* WHAT YOU HAVE TO DO *
Print the entire listing below word for word, excluding its pictures.

* STORED DATA *
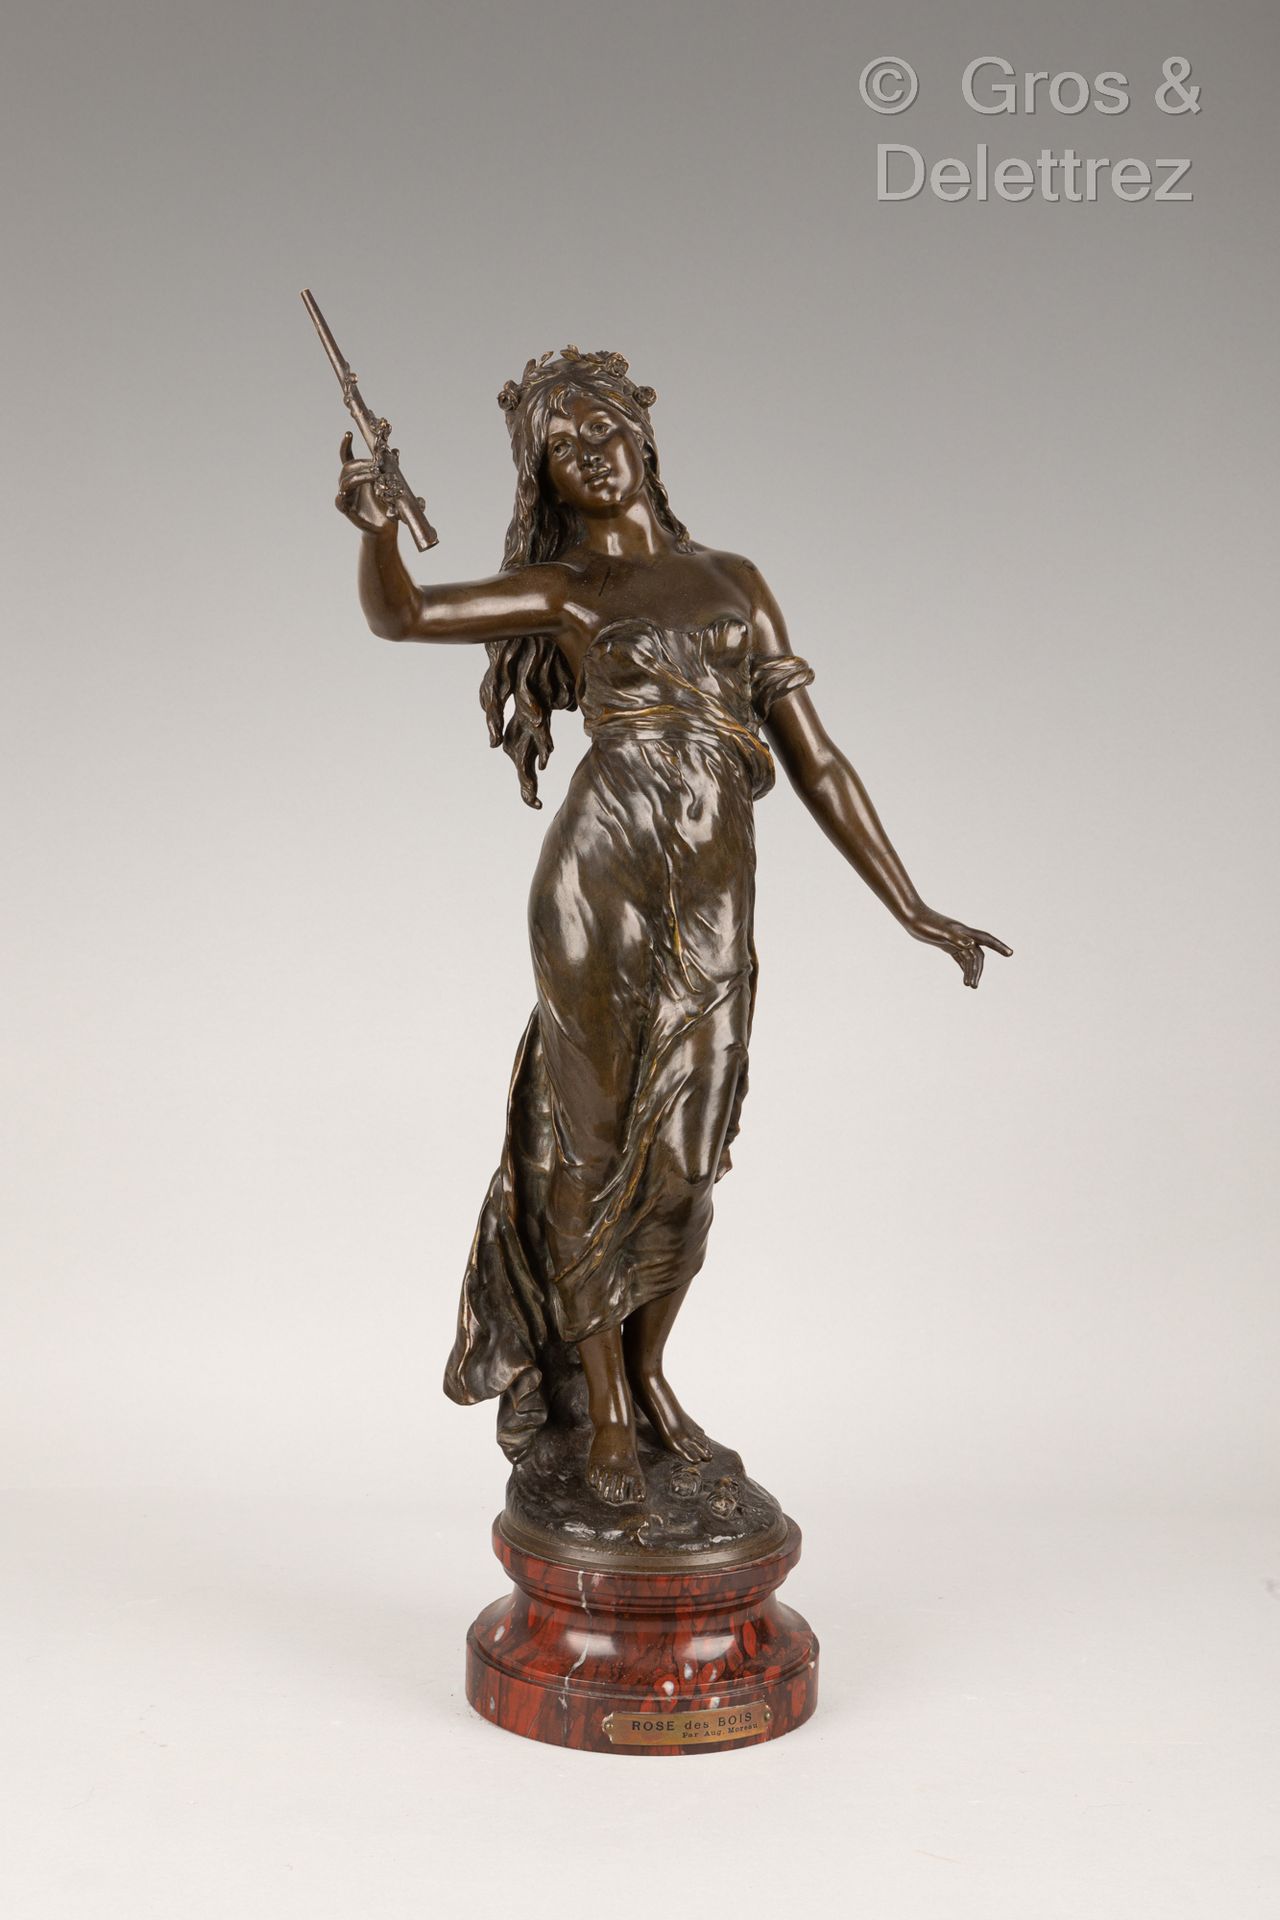 Null (E) Auguste MOREAU (1834-1917)

Rose des bois (Waldrose)

Skulptur aus pati&hellip;
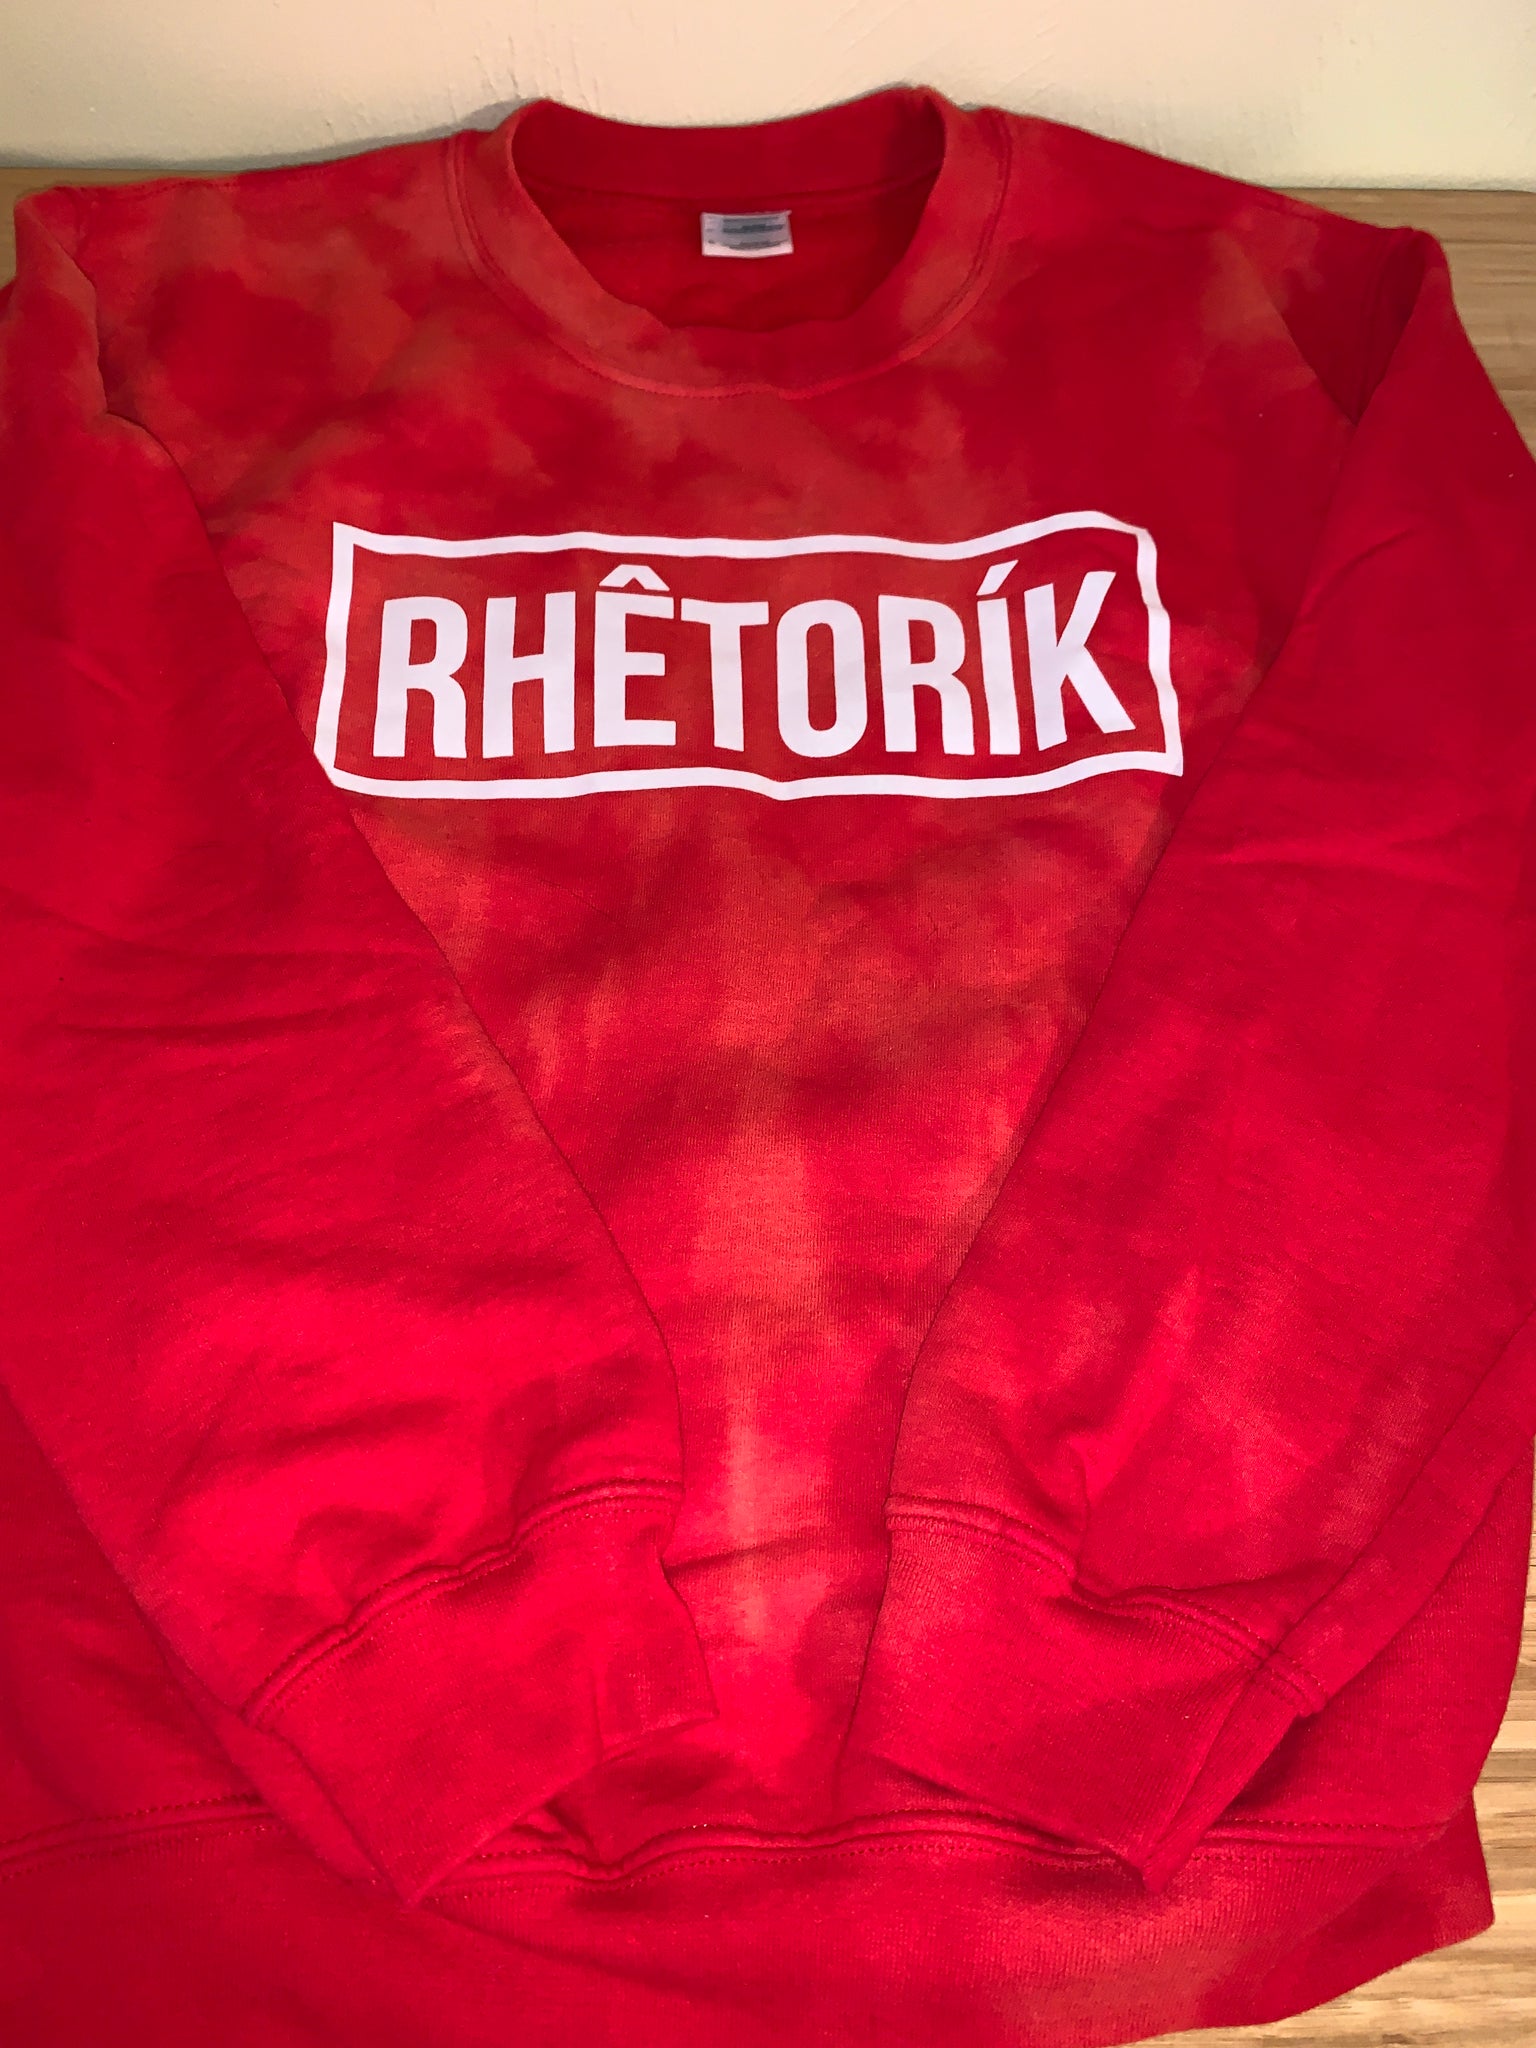 RHETORIK Red Tie-Die 1 of 1 Crew Neck Sweatshirt - ORIGINAL LOGO - Small

* ANSWER TO THIS TASK *
 Null (E) Auguste MOREAU (1834-1917)

Rose des bois (Waldrose)

Skulptur aus pati&hellip;
 RHETORIK Red Tie-Die 1 of 1 Crew Neck Sweatshirt - ORIGINAL LOGO - Small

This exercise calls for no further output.